Tuesday, January 02, 2007
i must say, i am really, really sad to see 2006 go. i don't know why but as the end of the year came to a screaming halt sunday night i wanted to fight with all my might to keep it going and not start the new year. i have no desire for a clean slate or a fresh start or resolutions or new beginnings. blech. i like the way my 2006 was going, thank you very much. i don't know what my problem is but the idea of starting yet another year has made me really tired this time around. what i really want is for time to stop going by so quickly. i remember the first time i wanted to dig my heels in to slow things down (think fred flintstone bringing his car to a halt) was on my 21st birthday. is that sad? i remember thinking "okay, no reason to get any older...i have reached all the age milestones i want to reach". i don't feel the same way anymore. i don't mind the getting older part, it's more the responsibilities that come with getting older. i'm not sure how this post morphed into a complaint about aging so i'll stop now. just know that no, i will not be making any resolutions. are you kidding? i can't even stick to the week-long teeth whitening strip regimen. however, and note the following are not resolutions, i will continue to count my blessings, try to find joy in the little things (like ice cream and my spankin' new running cd and the excitement i feel when i discover a little gasoline dripped on my finger when i re-fueled), talk about painting my kitchen, read, read, read, love my husband as best i can, love my family as best i can and love my friends as best as i can. i will continue to consider any given day a success if 1) i accomplished something that day, and 2) i found enjoyment in something that day.

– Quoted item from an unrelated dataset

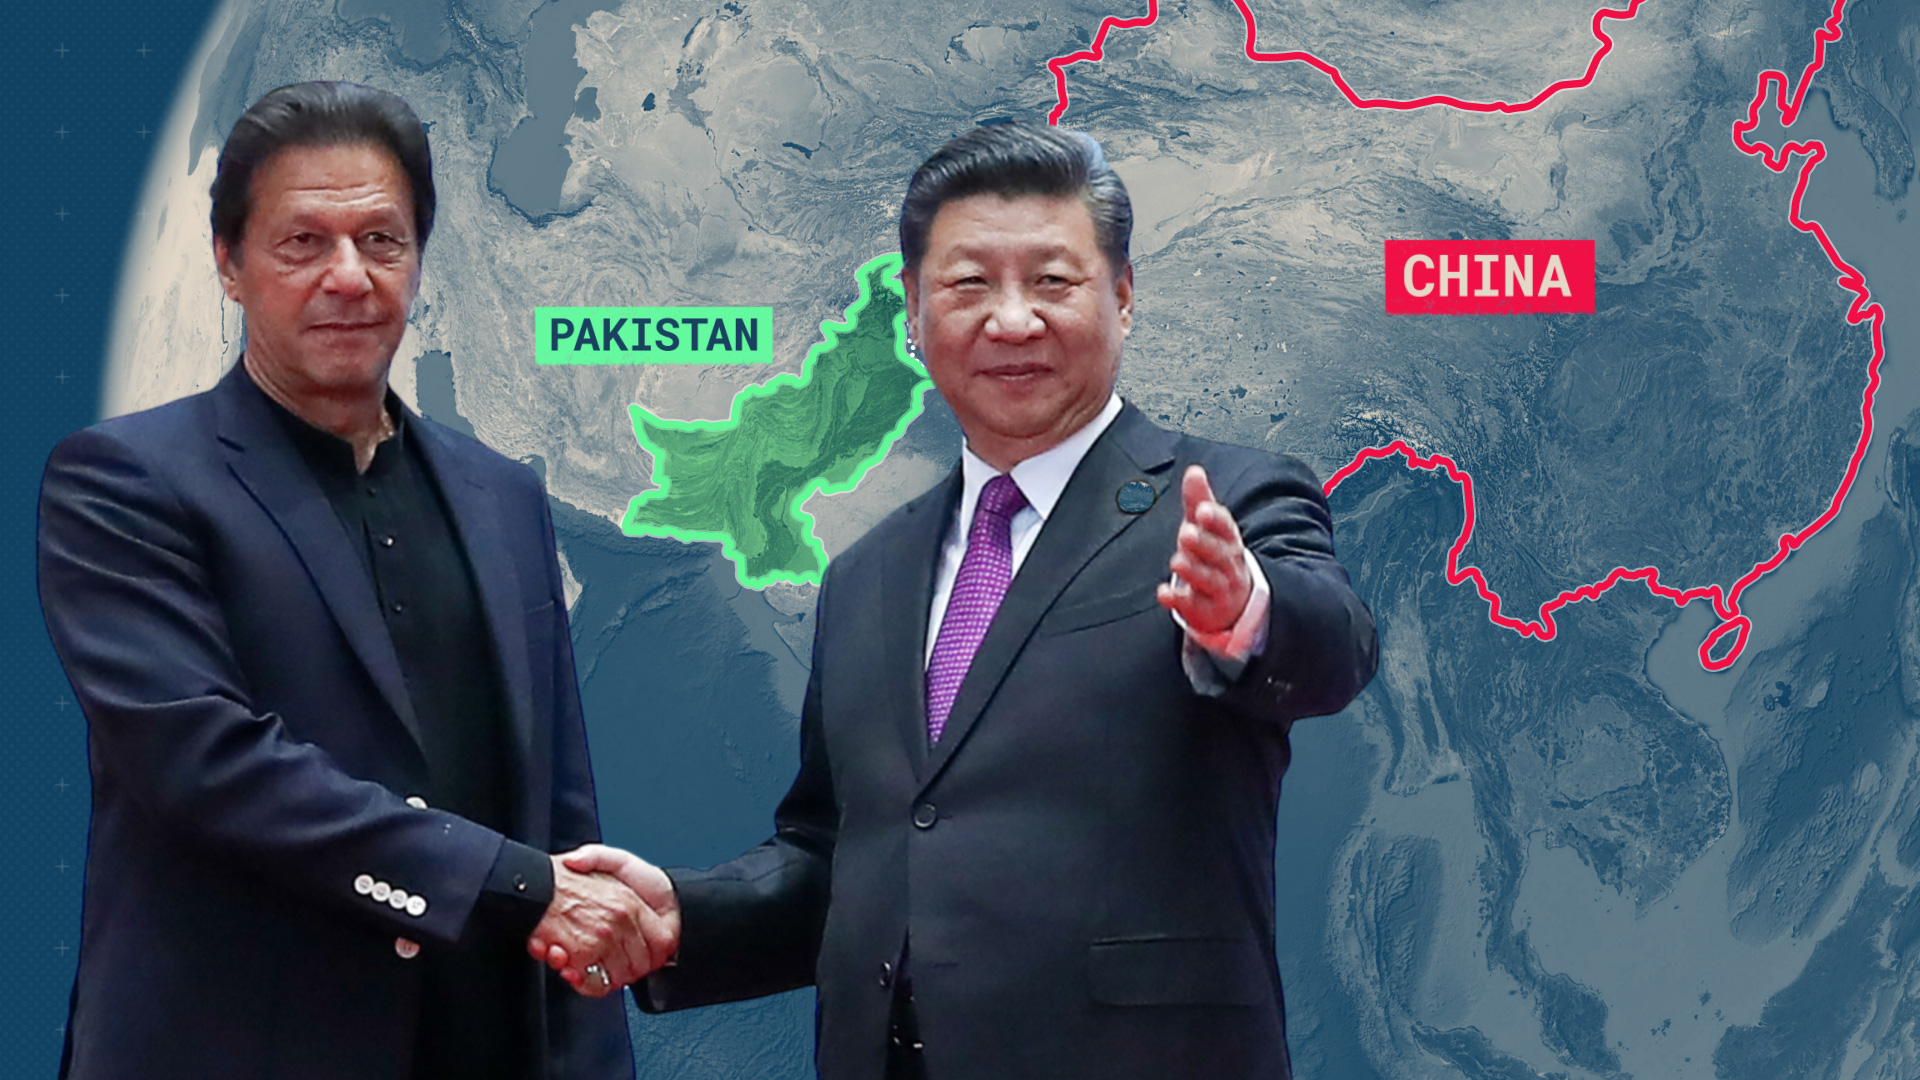 Pakistan-China relations: A start of new chapter - ANALYSIS

now, on to the good stuff. the annual new year's festivities continued this year in a brand new, undiscovered hot spot of the south called pigeon forge, tennessee. ever heard of it? okay, not so undiscovered as we were joined by about 37 million of our closest redneck buddies, but we sure did have a grand 'ole time at a beautiful cabin we rented nearby. chock full of beds, wood, blankets, wood, pool table, wood, hot tub, wood, air hockey, big screen tv, playstations and wood, it was a twenty-something's paradise. the shot-ski made an appearance on several occasions but unfortunately returned home severely injured and will need to be repaired before next year. after too many vodka tonics on night #1 of 4, i decided to first play knuckle air hockey and then later elbow air hockey, both leaving me bleeding, scabbed and bruised for the remainder of the trip. and, of course, it wouldn't be new year's if we didn't have a picture of someones balls. i am proud to say that for the last two years i have made it through the drink-fest without throwing up which is a big accomplishment for me after the pink-meat disaster of New Years '04 in atlanta and then puking in the grass out back and having the neighbors suggest someone take me to the hospital at New Years '05 in st.simon's. ah, the memories. i promise to post some pics from the trip soon but as i refused to take any pictures this year after being physically attacked for my picture-taking at a certain group event this year (i just can't work like that!), i have to rely on my friends to send the pics before i can post them. i ended up taking one pic from the car on the way to the cabin as we sat in bumper-to-bumper traffic in smoky mountain national park. enjoy and may you all have a prosperous new year.